Hemp - yes, graphene - no.

----------


## Mjolinor

I don't reckon you could lubricate anything with a product that is one molecule thick, you need multiple layers of molecules that slide over each other.

Hmm, graphite possibly.  :Smile:

----------


## curious aardvark

well as a general rule you would use at least 2 molecules, in layers :-)

----------


## Mjolinor

> well as a general rule you would use at least 2 molecules, in layers :-)


It ceases to me Graphene when it gets 2 molecules thick.

----------


## curious aardvark

it's still graphene - just in layers :-)

----------


## Mjolinor

It's graphite. You can make graphene from graphite with sticky tape just by putting a piece of graphite between two bits of sticky tape and constantly separating them because the only difference is that graphene is one molecule thick and graphite is more than one molecule thick. Unless of course my memory is faulty which is entirely likely.

----------


## Ama-fessional Molder

> It's graphite. You can make graphene from graphite with sticky tape just by putting a piece of graphite between two bits of sticky tape and constantly separating them because the only difference is that graphene is one molecule thick and graphite is more than one molecule thick. Unless of course my memory is faulty which is entirely likely.

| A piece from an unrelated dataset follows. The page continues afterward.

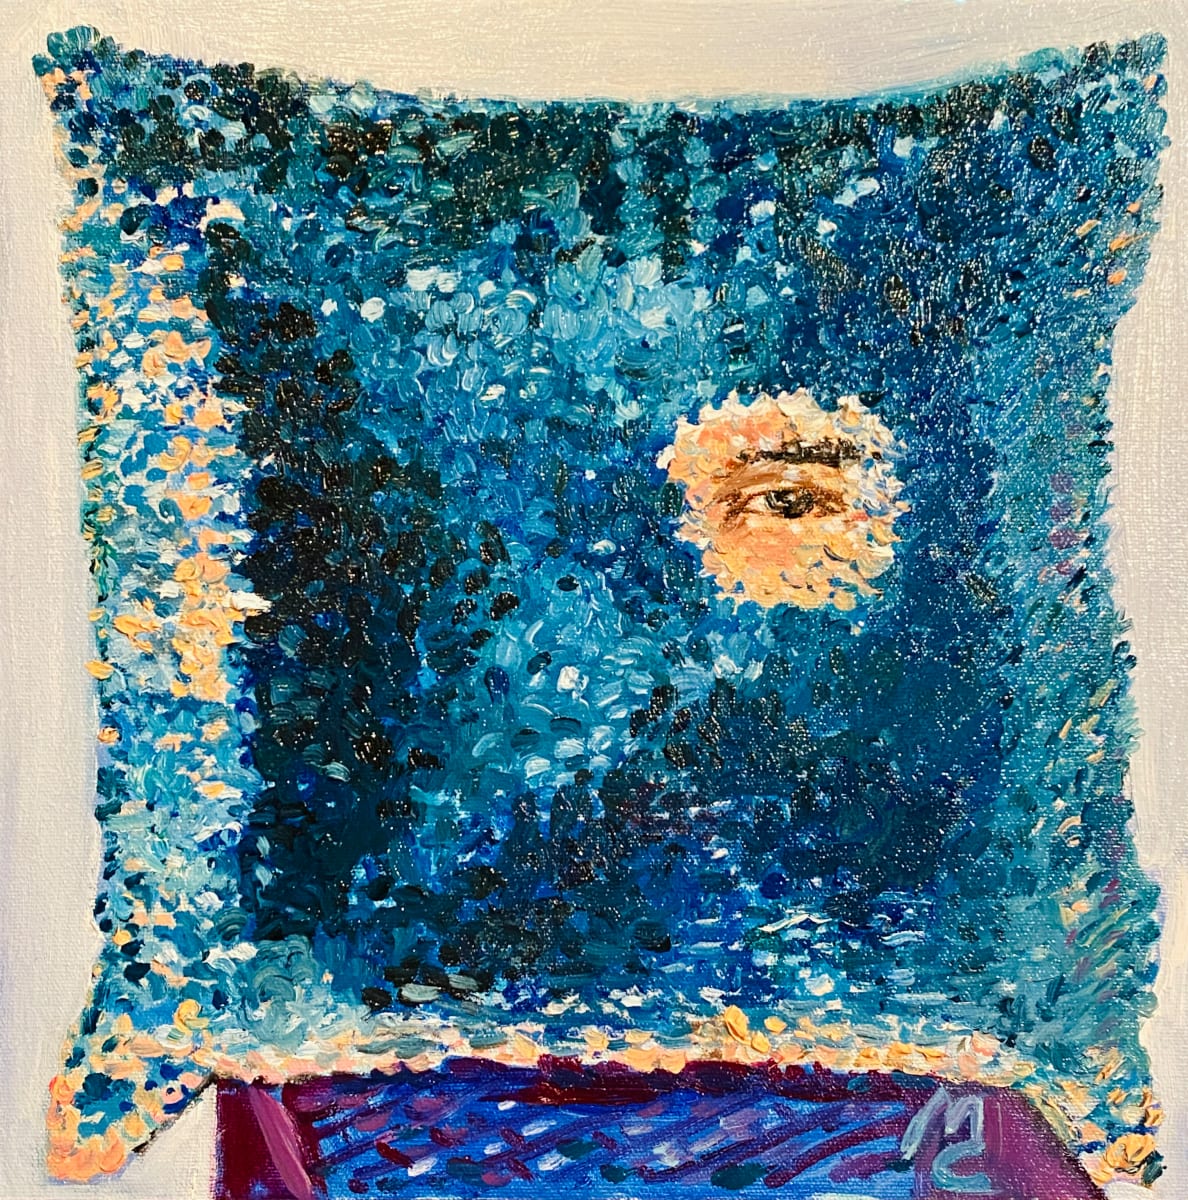 Day 6- Eye on Keanu- Sparkle pillow by May Charters  Image: Day 6 of the sequin Keanu reeves pillow. Just his eye.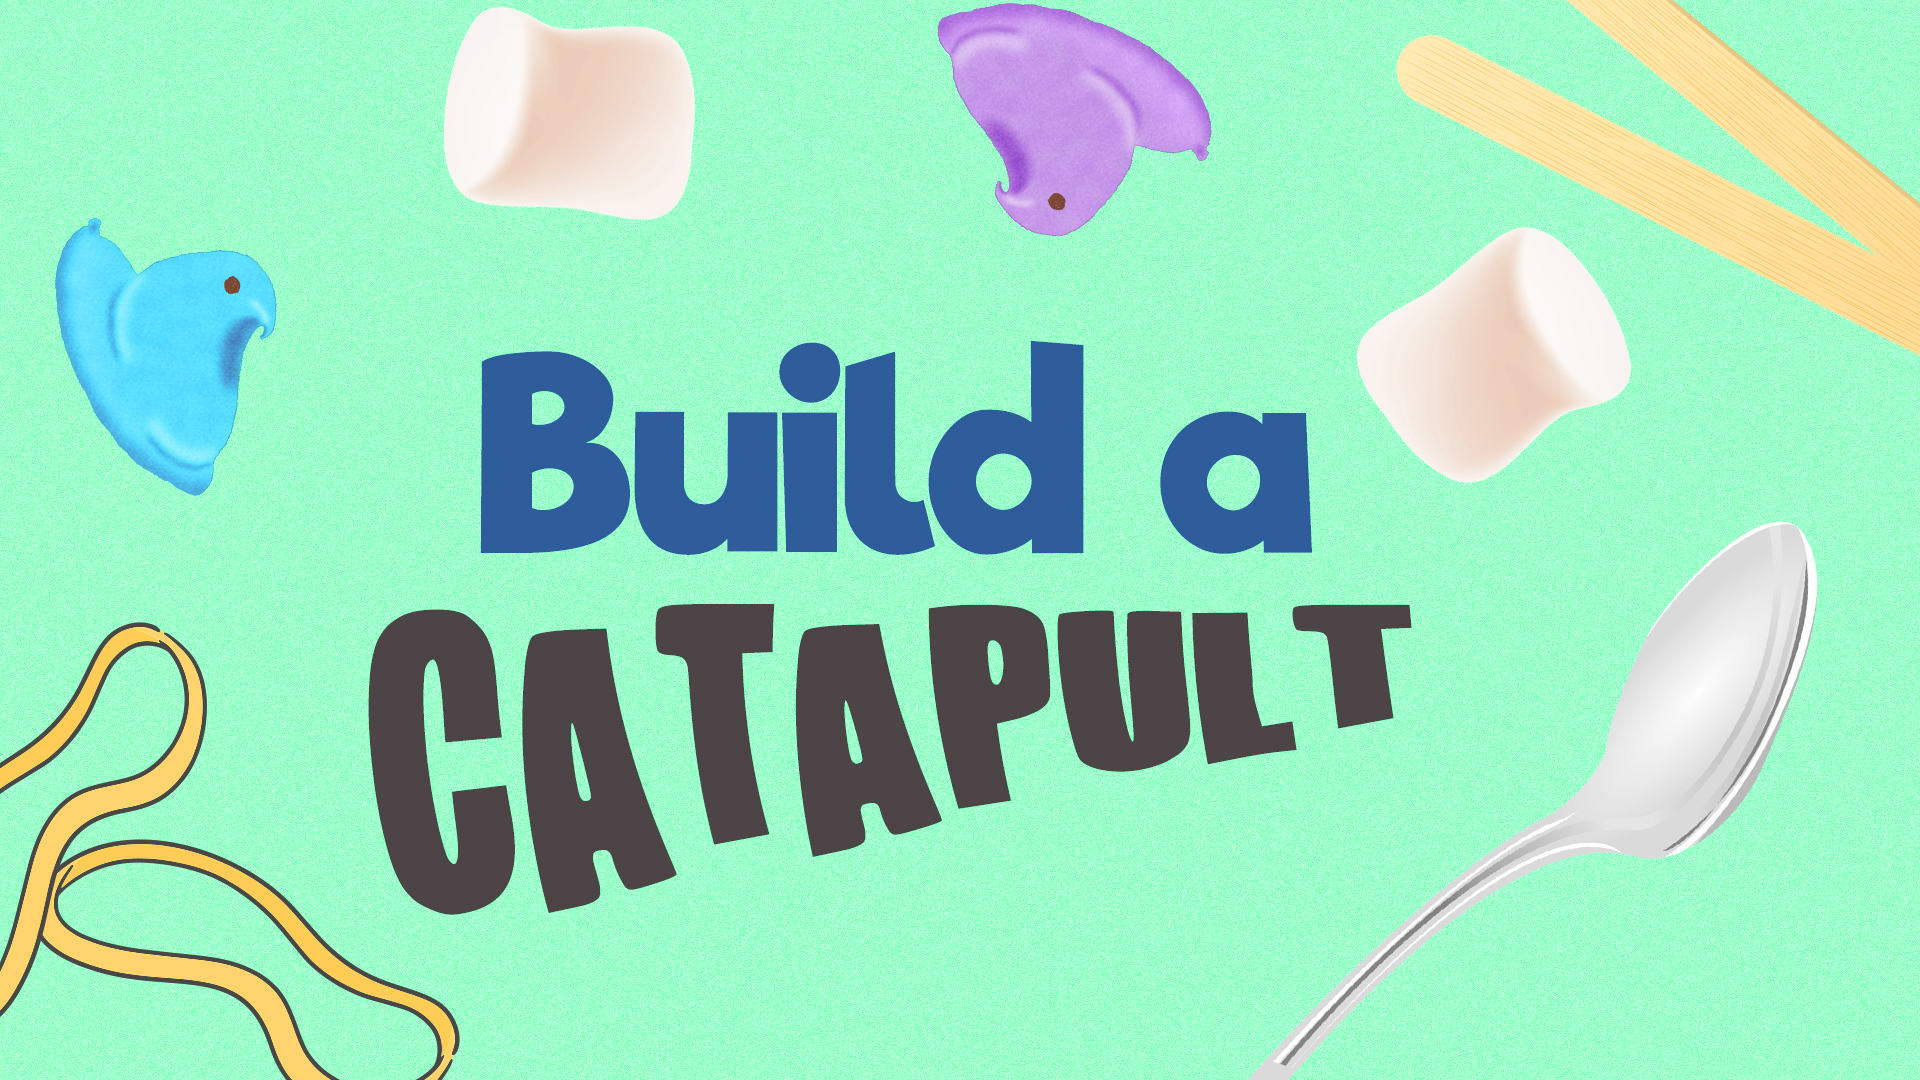 Image reads "Build a Catapult" against a green background. Marshmallows and Peeps are being launched by a spoon across the image. Two popsicle stick are in the top right corner and two rubber bands are in the bottom left corner.

Yeah, that's pretty much the gist of it.

Just use a nice graphite dry lubricant if that's your thing. For sheer effectiveness though, nothing beats an automatic oiler and a good drip collection method. I work with 40 year old injection molding machines that have automatic oilers and almost all of them are on original bushings and 30 million+ cycles.

----------


## angellina

I also guess its graphite............!!!!!!!!!!!

----------


## JacobVR

Would it be possible to utilize graphene in rubberized asphalt in order to increase it’s ability to repel water ? hmmm

----------